For new builds, this shouldn’t happen anymore. If you see this again, please post a link to the PR and I’ll investigate!

Normally, you should see a log entry that jenkins notified scabot in the console output (in the beginning):

Notifying endpoint with url 'http://scala-ci.typesafe.com:8888/jenkins'

I just looked, and this is the case for https://scala-ci.typesafe.com/job/scala-2.13.x-validate-main/104/console (for your PR at https://github.com/scala/scala/pull/6319). Scabot is definitely limited in how it handles weird states that arise while jenkins is available intermittently. I made /synch slightly more aggressive so that it will fail commits that don’t have a corresponding successful jenkins job.

cheers
adriaan

NthPortal · February 15, 2018, 5:10am

I actually noticed this behaviour for https://github.com/scala/scala/pull/6323, which was PRed after Jenkins was back up, and did not sync automatically. Looking at recent PRs, this one was only opened a couple hours ago, and hasn’t been marked as passing even though its build has succeeded.

lrytz · February 15, 2018, 8:54am

https://github.com/scala/scala/pull/6326 is a fresh PR from 10 hours ago, CI passed, but the status was not synched back to GitHub

adriaanm · February 15, 2018, 10:15am

Thanks, I’ll see what I can dig up in the logs.

adriaanm · February 15, 2018, 10:56am

I can’t reproduce, but I’ve added some logging to scabot when it receives an unhandled jenkins event.

SethTisue · February 22, 2018, 6:10pm

summary of current situation:

old PRs should be rebased
/rebuild doesn’t seem to be necessary anymore (after rebasing)
PR validation snapshots are being published successfully (enabling e.g. running the community build against a PR)
but /synch, to get a successful result reflected on the PR page, is still usually (always?) necessary. the cause is elusive

NthPortal · March 3, 2018, 4:59am

Builds seem to stall (with maybe >= 10% of the time, from my experience?), usually in the middle of running ScalaCheck tests.

An example is this build, for scala/scala#6360 (which I won’t rebuild yet, in case it’s helpful for debugging).

adriaanm · March 4, 2018, 8:25pm

Thanks for reporting! Tracking here: https://github.com/scala/scala-jenkins-infra/issues/249
I’ve noticed other jobs taking a long time to complete, but no deadlocks so far… No idea, maybe the increased parallelism is revealing some underlying bugs?

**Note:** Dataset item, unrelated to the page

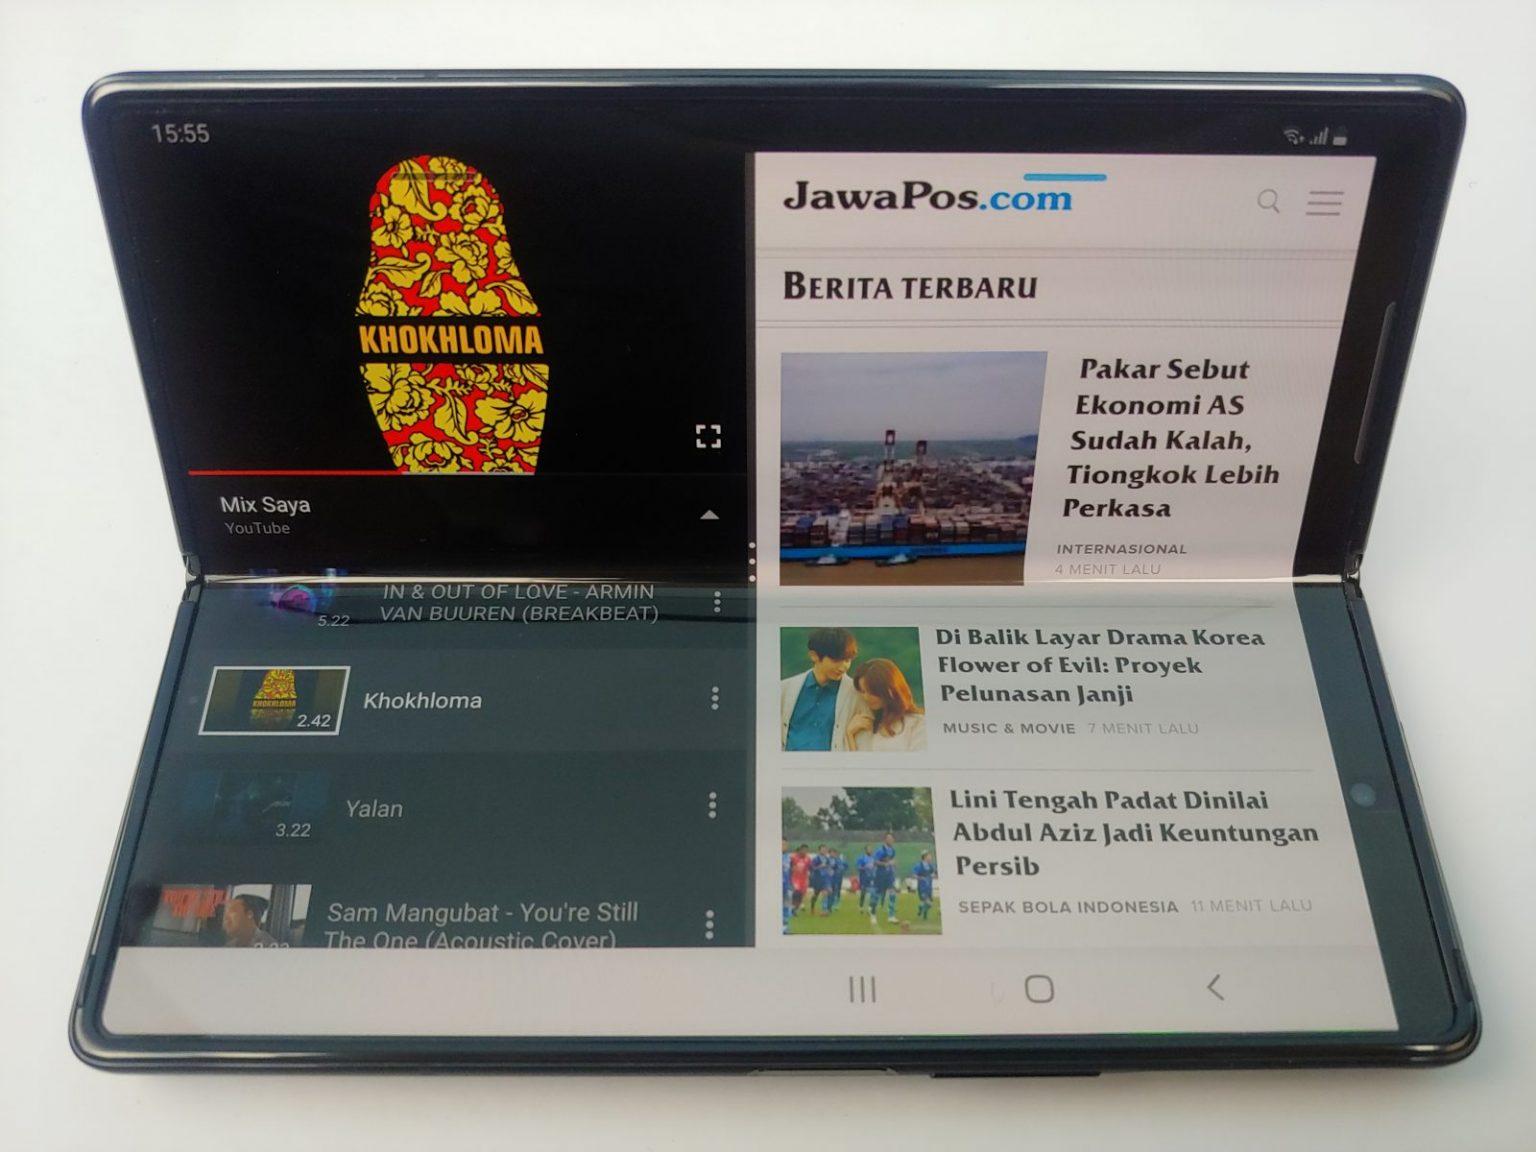 Galaxy Z Fold2 Seharga Rp33 Juta, Ini Keunggulannya
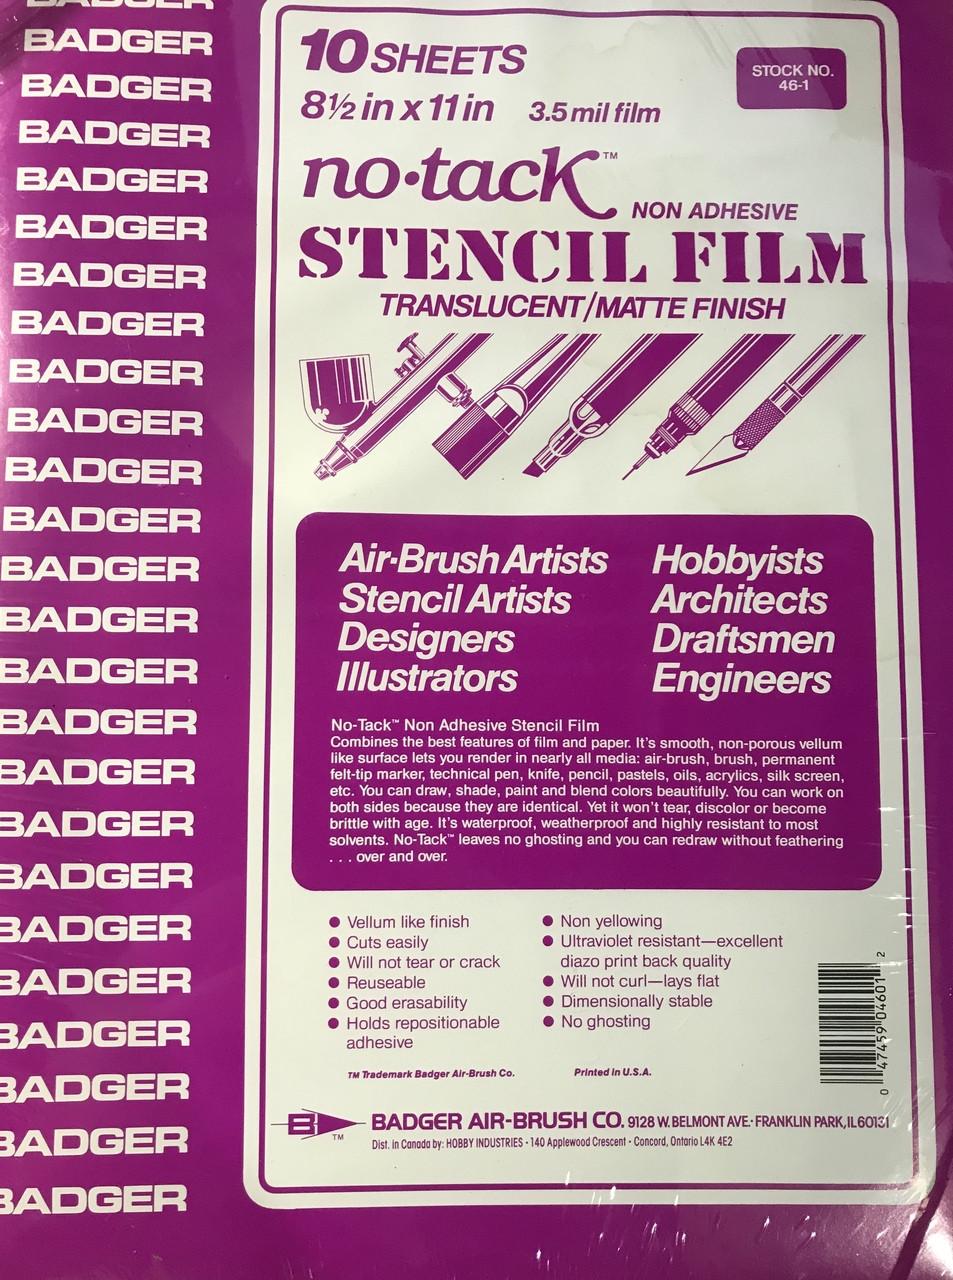 Badger NO-TACKª (NON-ADHESIVE) STENCIL FILM

adriaanm · March 4, 2018, 8:28pm

In other news, I finally figured out why Scabot wasn’t (always) reporting job completion. The jenkins notification plugin had started sending notifications that exceeded (300k JSON blobs!) the default play entity length limit (100kb), so the request never made it to my code that was logging incoming JSON. Should be resolved now.